An Application of a Computer Program for Integer Programming

Jsun Yui Wong

The computer program listed below seeks to solve the formulation on page 138 of Heragu (1997) without office 4 and office five and without making the assumption that the longer sides are horizontal.

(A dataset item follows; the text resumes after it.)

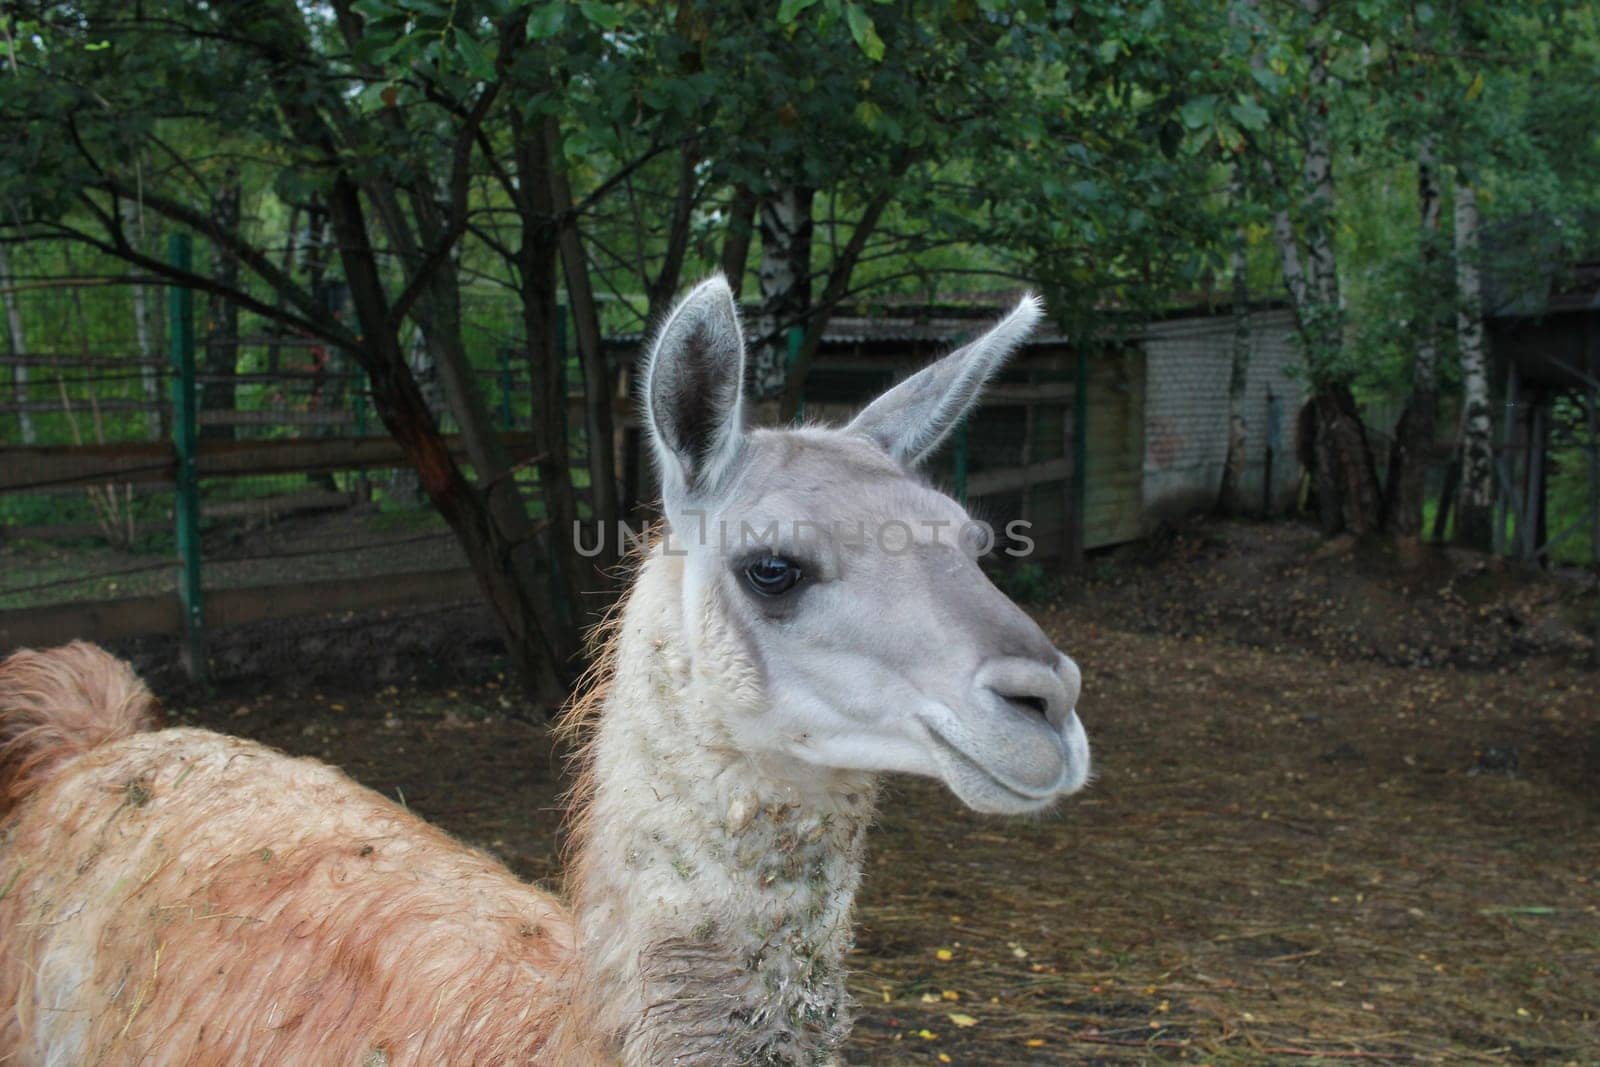 Photo of a llama at the zoo on the playground. Animals in captivity.
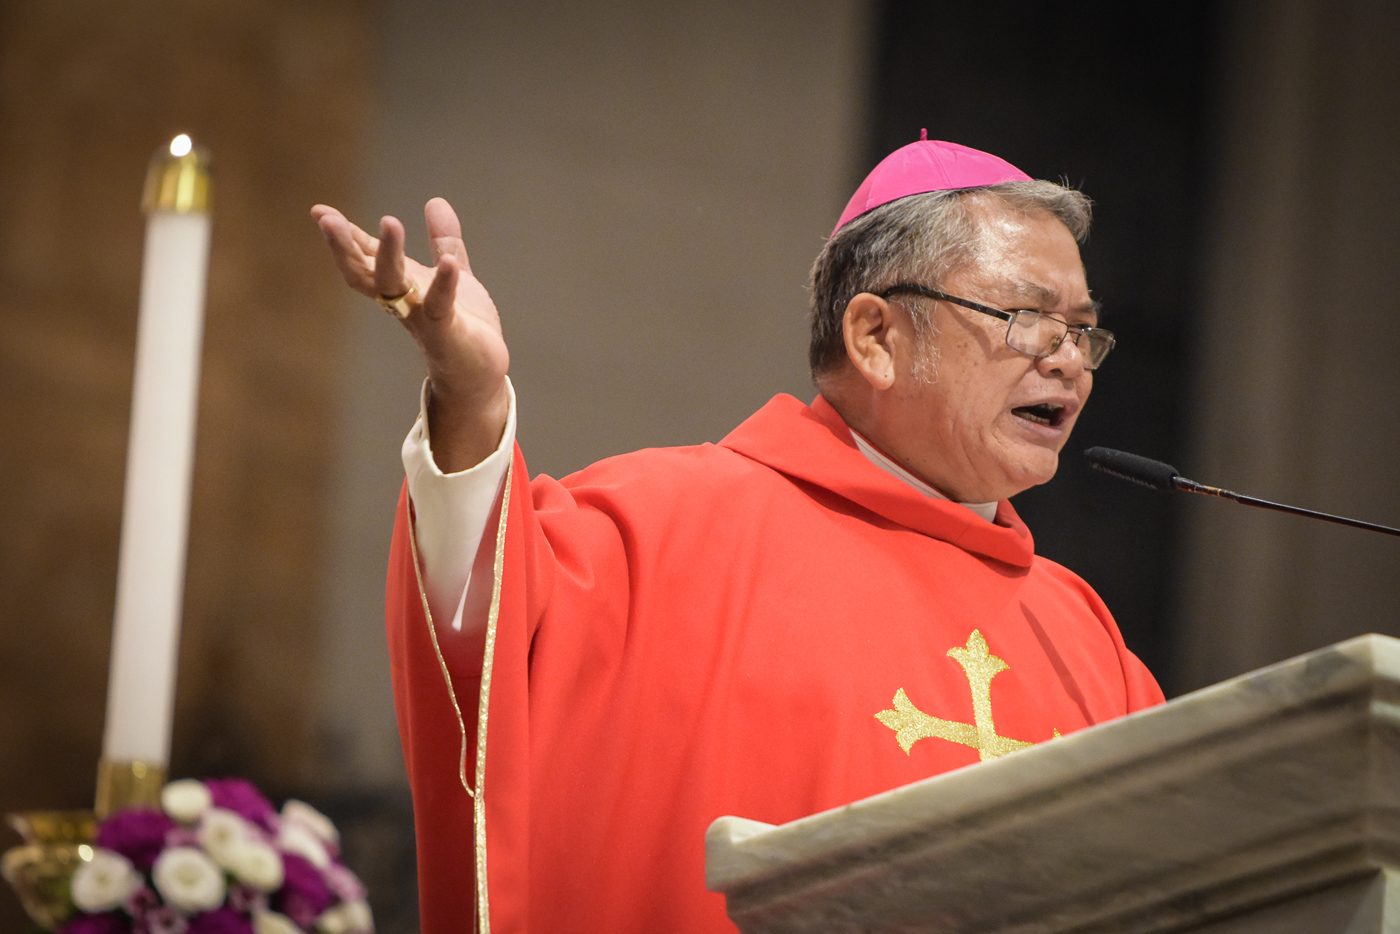 HORRORS OF WAR. Marawi Bishop Edwin dela Peña recounts the nearly 5-month war in Marawi City as he delivers the homily on November 22, 2017, dubbed as 'Red Wednesday' to support persecuted Christians worldwide. Photo by LeAnne Jazul/Rappler

In order to have integer locations, the office lengths and widths used in the following computer program have been made twice as long as the given office lengths and widths, respectively.

0 DEFDBL A-Z
3 DEFINT I,J,K
4 DIM X(166),A(166),L(166),K(166),P(166),B(166),S(166)
5 FOR JJJJ=-32000 TO 32000
14 RANDOMIZE JJJJ
16 M=-1D+17
111 FOR K=1 TO 6
113 A(K)=FIX(RND*699)
115 NEXT K
121 FOR KF=7 TO 30
123 A(KF)=FIX(RND*2)
125 NEXT KF
126 IMAR=10+FIX(RND*500)
128 FOR I=1 TO IMAR
129 FOR KK=1 TO 30
131 X(KK)=A(KK)
132 NEXT KK
151 IF RND<.7 GOTO 222 ELSE IF RND<.5 GOTO 236 ELSE GOTO 241
222 IJL=1+FIX(RND*6)
233 IF RND<.95 THEN X(IJL)=FIX(RND*699) ELSE X(IJL)=A(IJL)-1
235 GOTO 1001
236 IJR=7+FIX(RND*24)
238 X(IJR)=FIX(RND*2)
239 GOTO 1001
241 IF RND<.5 THEN 243 ELSE 248
243 IJU=1+FIX(RND*6):IJV=1+FIX(RND*6)
244 X(IJU)=A(IJV):X(IJV)=A(IJU)
245 GOTO 1001
248 IJW=7+FIX(RND*24):IJX=7+FIX(RND*24)
249 X(IJW)=A(IJX):X(IJX)=A(IJW)
501 GOTO 1001
1001 S(1)=ABS(X(1)-X(2))-50+9999*X(7)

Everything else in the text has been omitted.